Electron microscopy was used to observe the appearance of chromatophores and chromatosomes during development. The primary purpose was to determine the origin of chromatosomes and the process of chromatosome generation in early embryos. Melanosomes, leucosomes and pterinosomes were also compared. A summary of the results is reported. here.

1. The time of appearance of chromatosomes.
In medaka embryos, melanophores can first seen by light microscopy 130-140 hours after fertilization (stage 20, somite 25-26, 20 degree). Melanosomes were observed in dermal tissue by electron microscopy 120 hours after fertilization (stage 25, somite 22-23, 20 degree). It was 165-180 hours (stage 25) after fertilization that leucophores was first observed by light microscopy, but by electron microscopy, leucosornes were found in dermal tissues 135 to 150 hours after fertilization (stage 27-28). Xanthophores were not found by light microscopy until after hatching, but electron microscopy revealed the presence of pterinosomes and prepterinosomes 180-200 hours after fertilization. A summary of the times and the appearance of the three kinds of chromatosomes in the embryo is shown in Fig. 1.


Fig. 1. Time required for the appearance of chromatosomes at 20 degree in the medaka, Oryzias latipes.

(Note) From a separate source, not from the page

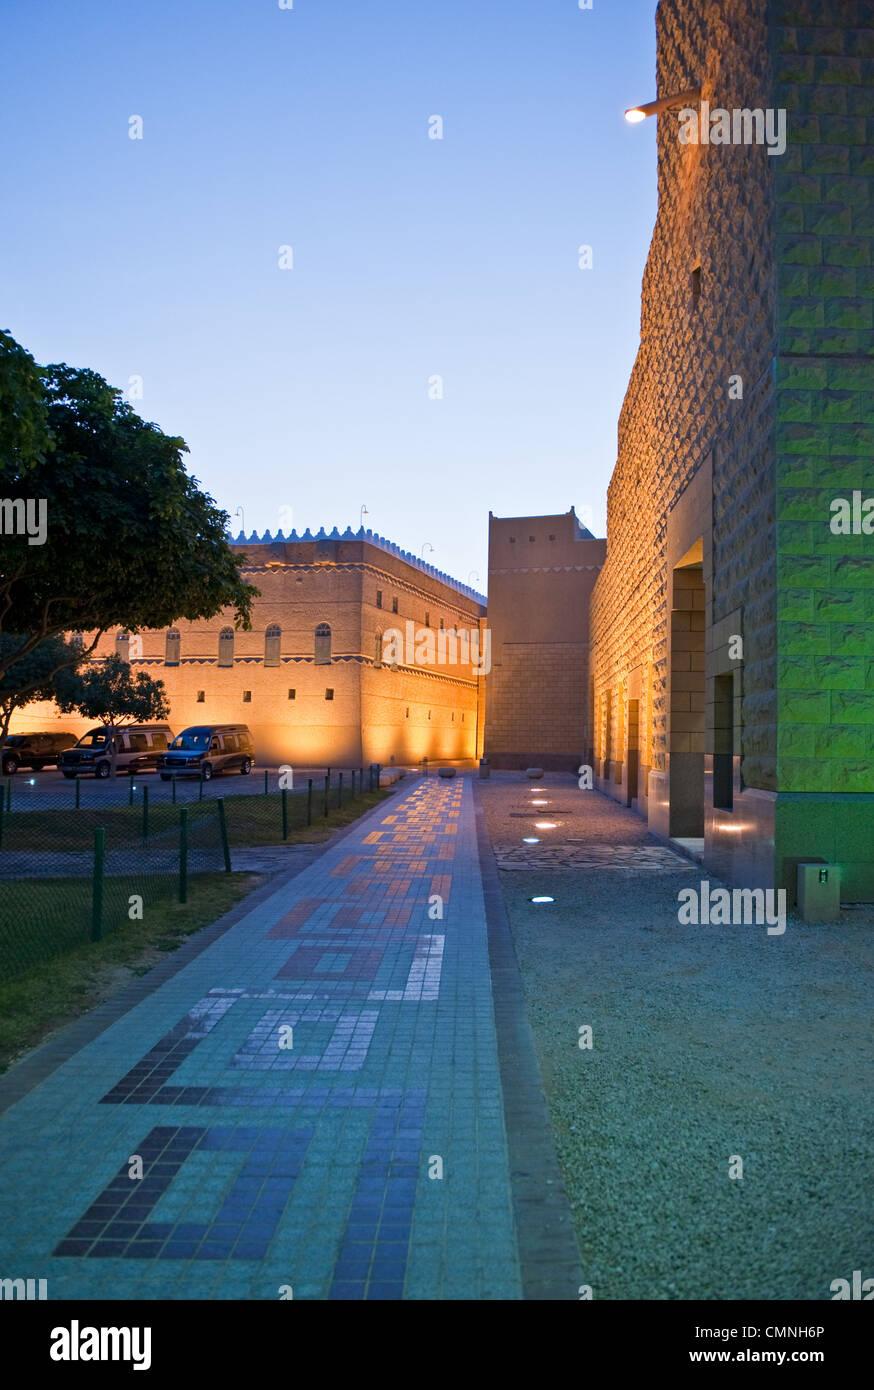 Asia Arabia Saudita Riad Murabba'a Palacio Imagen De Stock

Fig. 2. A diagram illustrating the formative process of the melanosome in the early stage embryo.
2. The process of chromatosome generation in early embryos
Melanosomes : At stage 26, mesenchyme tissue differentiated into dermal tissue, epidermal and dermal tissues were distinguishable by the presence of basement membrane. When a mesenchyme cell differentiated into a dermal cell, rough endoplasmic reticulum (RER) was generated around the nucleus, while empty vesicles (0.1-0.3m in diameter) were generated at the end of the RER. Premelanosomes and melanosomes in various stages of maturity were observed around vesicles located far from the RER. Golgi apparatus always appeared where premelanosomes were found. These observations strongly indicate that RER participates in the generation of vesicles, while the Golgi apparatus is involved in melanin formation (Fig. 2).

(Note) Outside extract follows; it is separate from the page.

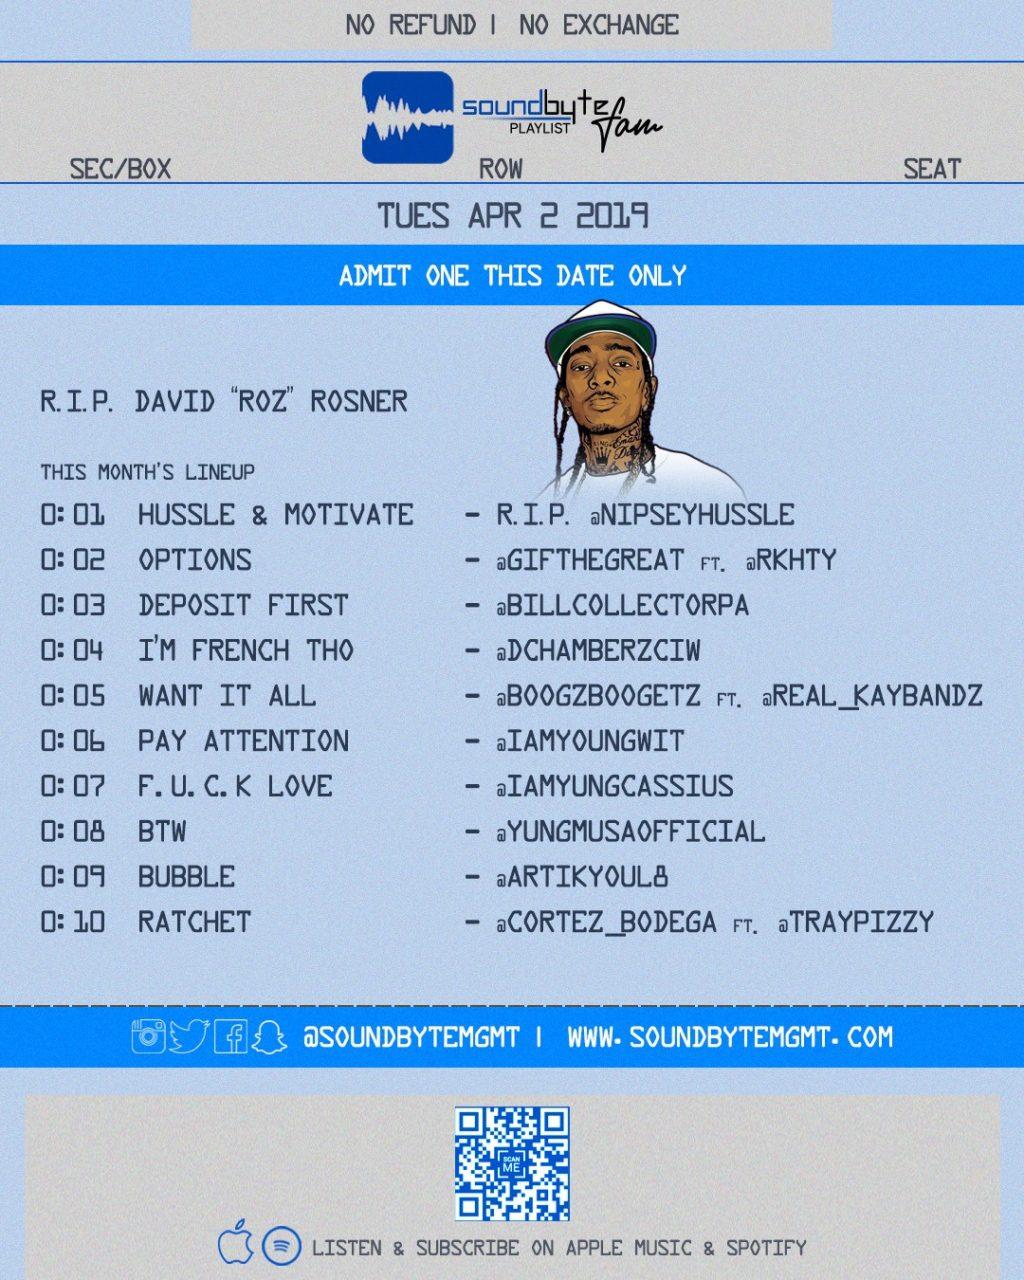 soundbyteFam Ticket

Leucosomes : Between the nuclear membrane and cytoplasm in mesenchyme cells of the embryo at stage 26 (135-150 hours after fertilization, 20 degree), a crevice grew along the nuclear membrane and boundary layer, including the boundary plasma. This crevice had a wavy appearance, and a part of it assumed the shape of a tube, which later changed into a microtubule. The end of the microtubule became narrow, and formed vesicles (0.2-0.8micro in diameter). Later, a part of boundary layer became constricted and formed vesicles. Near the end of microtubules, preleucosomes multiplied but appearance of the leucosomes seemed delayed relative to the formation of melanosomes (Fig. 3).


Fig. 3. A diagram illustrating the formative process of the leucosome in the early stage embryo.

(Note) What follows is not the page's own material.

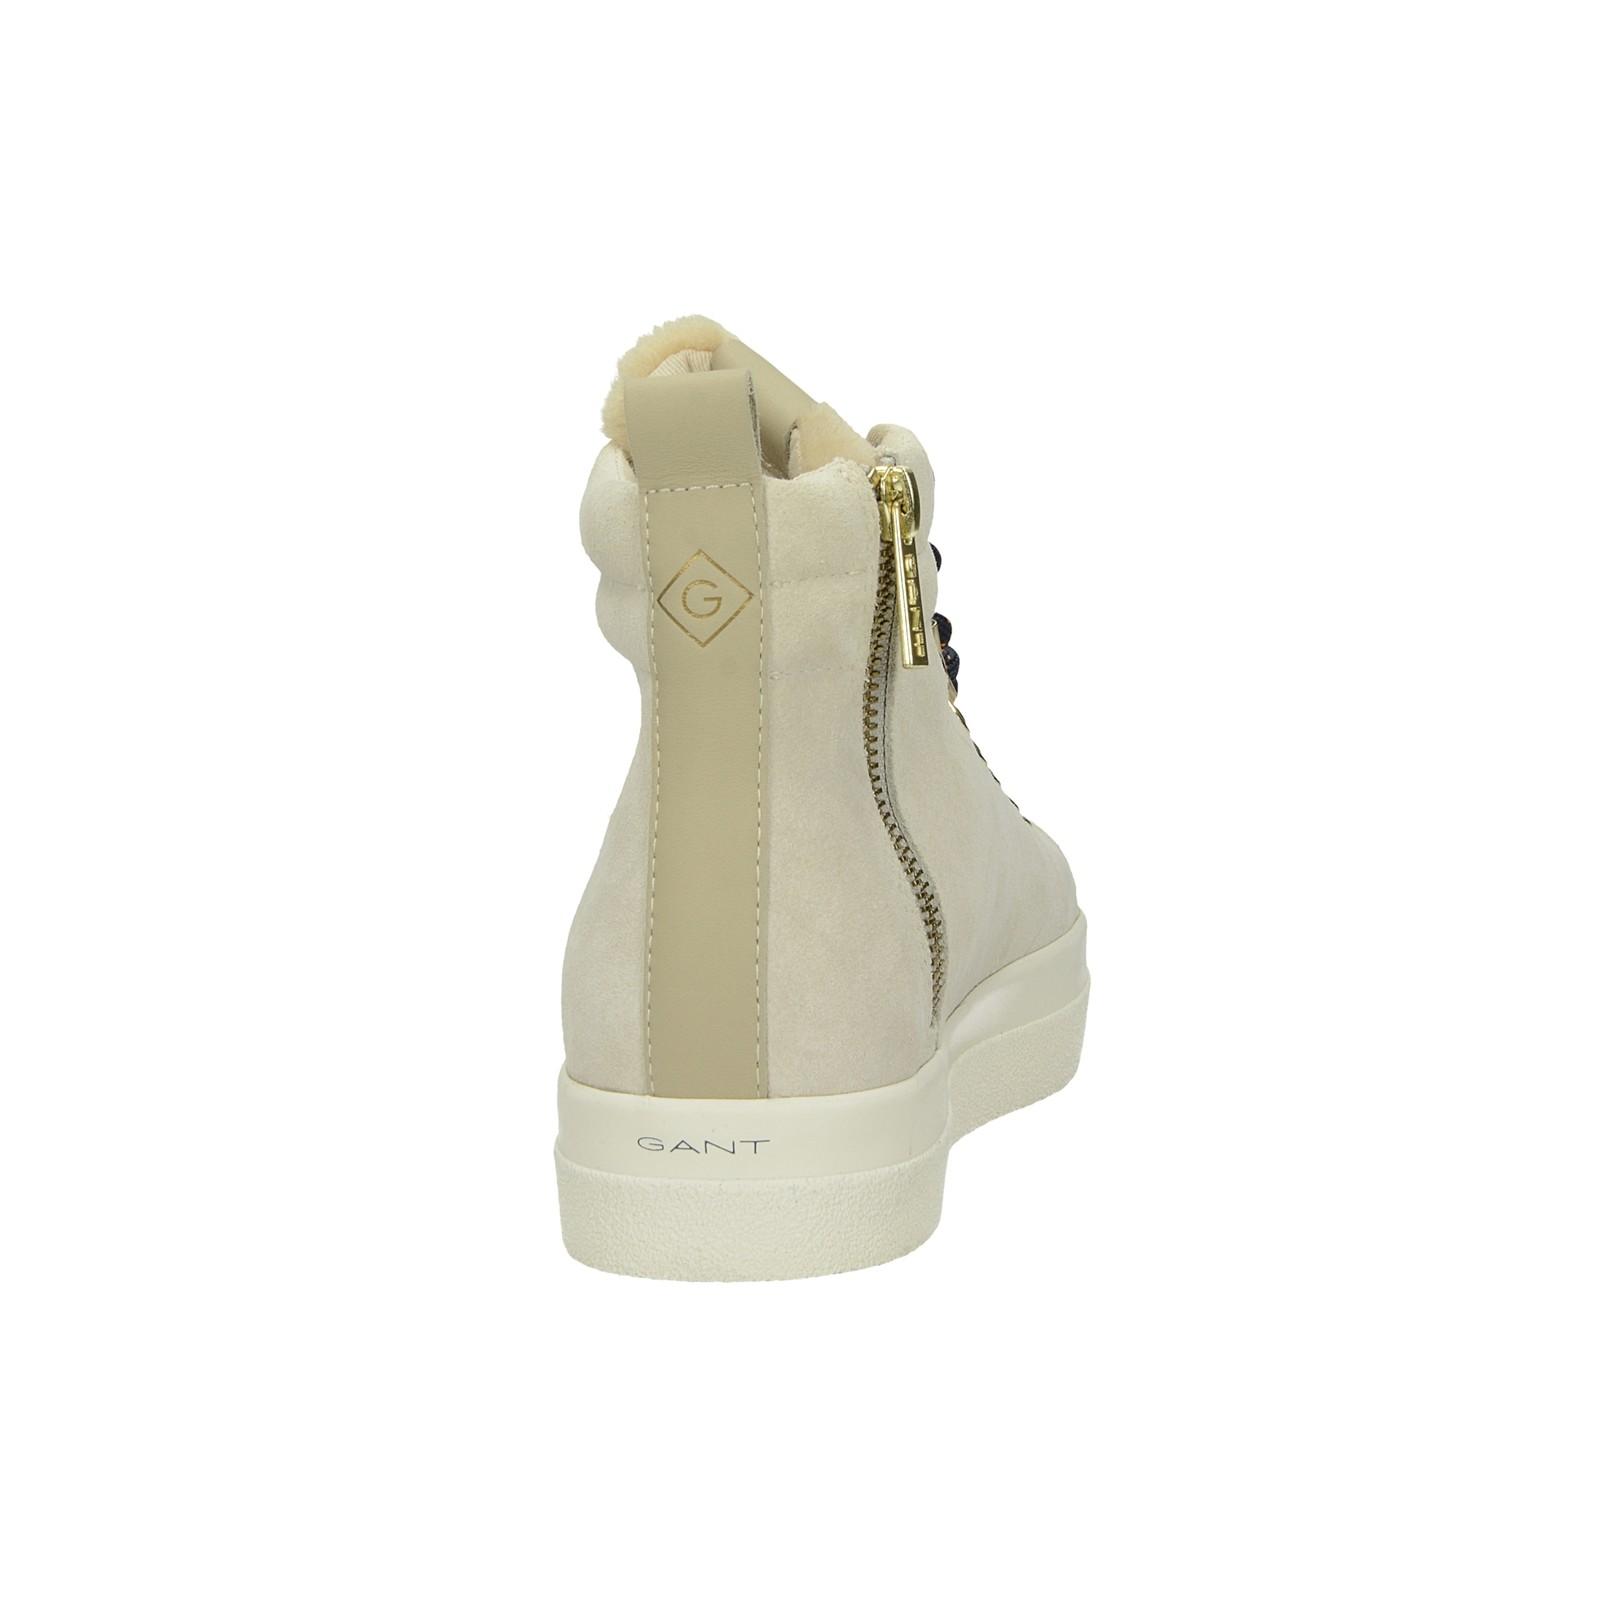 Gant dámske štýlové semišové kotníky - béžové

Fig. 4. A diagram illustrating the formative process of the pterinosome in the early stage embryo.
Pterinosomes : Chromatoblasts of indefinite shape appeared in a circle or bell shape under the besement membrane of the embryo at stage 28. The smallest double membraned chromatoblasts were about 3micro in diameter and contained 20 to 40 vesicles. As the chromatoblasts became larger, the number of vesicles increased, while at the same time prepterinosomes in various stages were observed. In the stage from prepterinosome to pterinosome, Golgi apparatus were found inside the chromatoblasts whereas microtubules were outside (Fig. 4).

Chromatosomes originating from the same small mesenchyme cell have different characteristics at the time of appearance of this structure from the standpoint of a genetic analysis of embryology.